红木小件近年来似乎没有苏绣那样出名。但它的独特的风格、浓厚的民族和地方色彩、它的美学价值,不容忽视。苏州红木器具,有家具和小件两大类。苏式家具,早在明代就著名了。造形精雅、琢磨细致、色泽光润、美观耐用,是其特点。也许由于运输不便,没有看到多少大件的家具,但红木小件中已经包括了一些具体而微的几案架橱之类,大体上可以窥见一些苏式家具的风格。朴素和精巧相结合,整齐和变化相调济,全体构成一个统一和谐的独特性格。一只茶几,四条腿,上面一块四方平板,下脚四根横档。它的装饰仅仅在于每根长方木条上有一道滚边的凹线。而使四条腿的直线的单调,得到解救的,只是略微地作了一下内向的屈折。如果可以打个比方,它就像戏里面角色所用的台词,十分精炼一样。一对香红木什景板书架也是这样,是一些线和面的变化搭配。使全部直线发生了变化的,是一二处弯曲的如意形卷头;使纵面和横面不致重复的是将纵面镂空,即所谓什景板,作各种瓶壶碗形等简单图案,而这些图案仍是又有变化又是一致的。整个结构产生一种单纯朴素,玲珑剔透的感觉。那只玻璃柜子也具有类似的效果。
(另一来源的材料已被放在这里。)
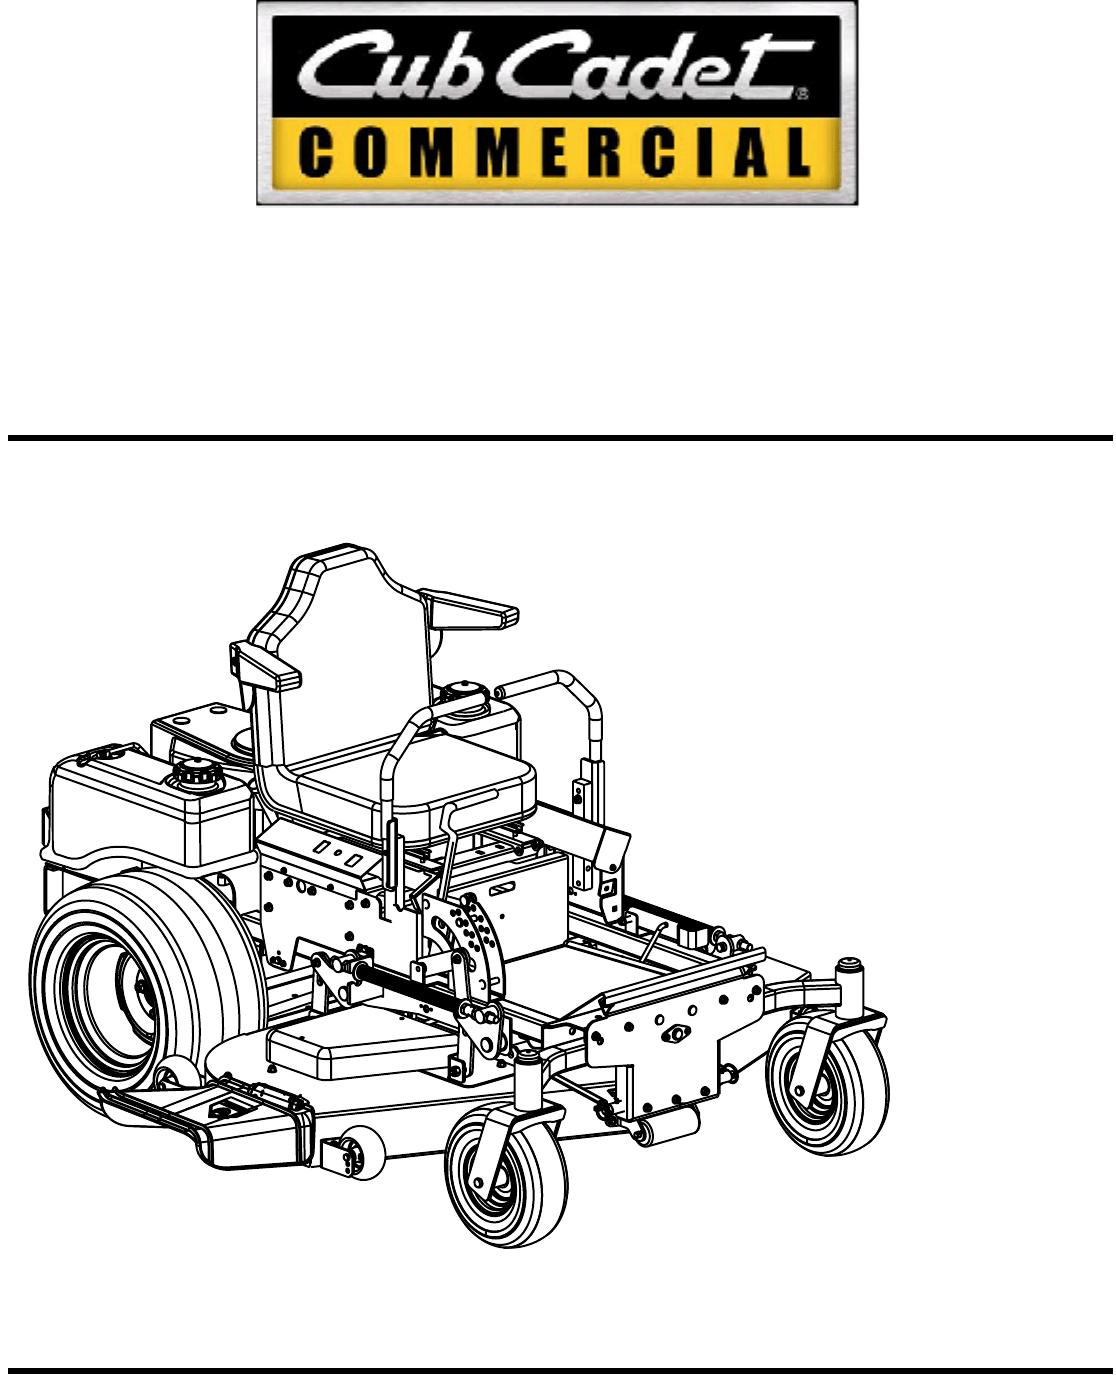 Cub Cadet Lawn Mower 60 Inch Amp 72 Inch Fabricated Deck
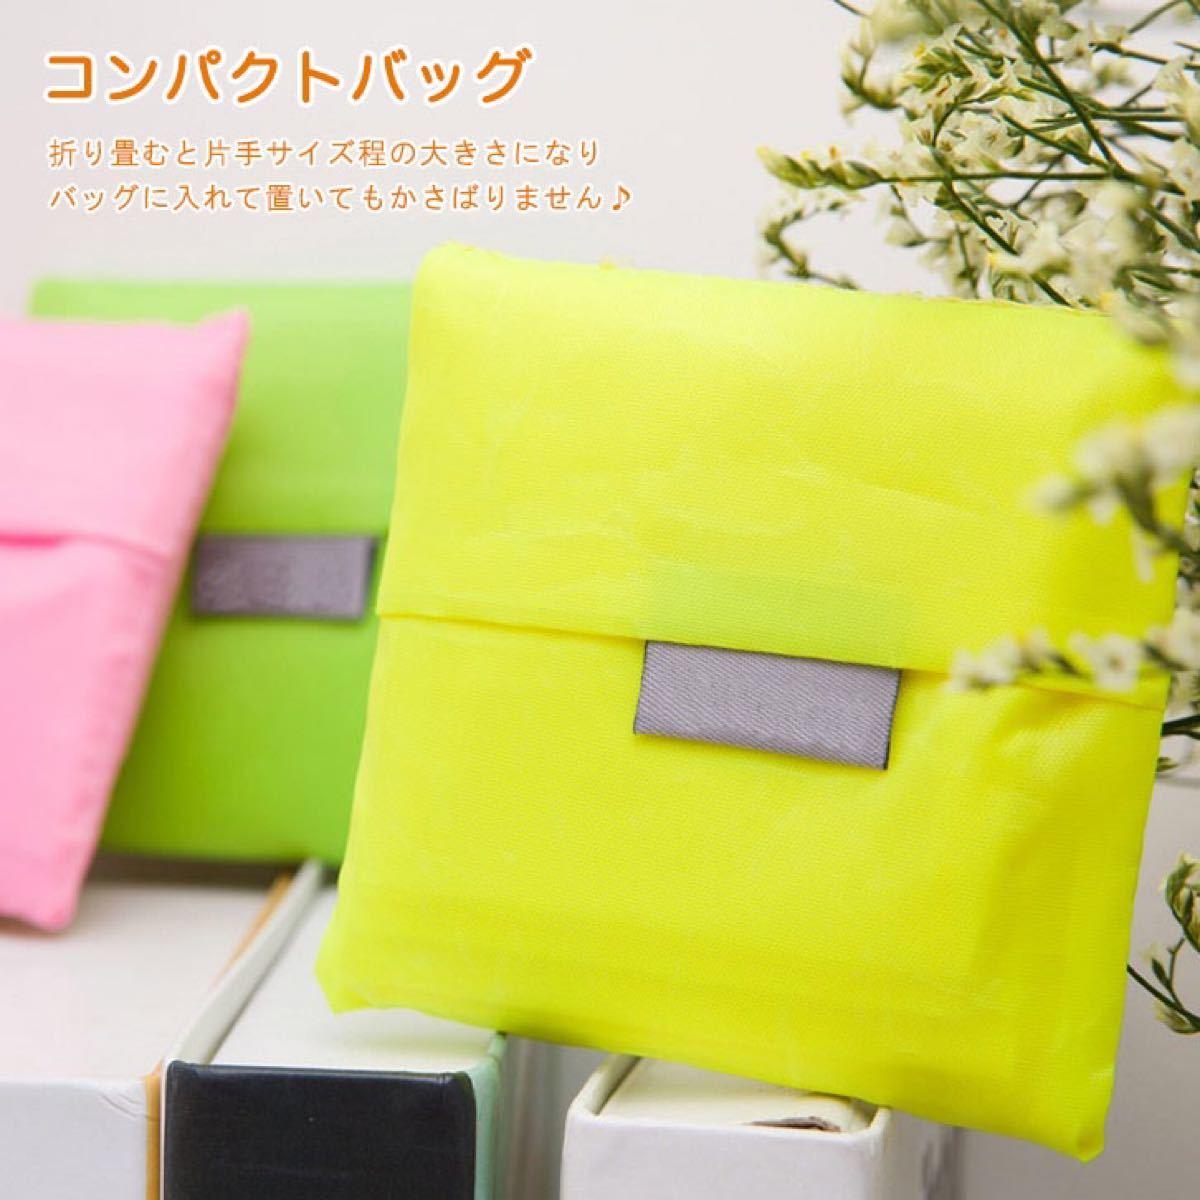 エコバッグ 折りたたみ式ショッピングバッグ マザーズバッグ 買い物袋 サブバッグトートバッグ レディース ポータブルショッピング

我很喜爱一只椭圆形的配座的式样,它的特点是采用方形的棱角,而不是圆形的,给人一种朴实、稳重、敦厚的感觉,略有一些装饰,但没有纤巧庸俗的弊病。此外,像英木制嵌银丝的盘、匣,紫檀嵌银丝的笔海,七巧几,双弯双层小书卷几等,都是精品。银丝嵌成的画面,无论是仕女、山水、图案,都以准确、简练、鲜明胜。笔海上刻的一幅亭台园林图,充分发挥了嵌银丝的美感,银色之外,还用金色的屋顶和栏杆,以及金色的荷花来抢色,显得格外好看,但用得有分寸,并没有过度,不致流于庸俗。从笔墨看,这幅图的绘画本身也是好的。
苏绣是为人所熟知的。这次展览,包罗了各种传统的和解放后新发展起来的针法,如:散套绣、双面绣、乱针绣、打点绣、借色绣、虚实绣、发绣等。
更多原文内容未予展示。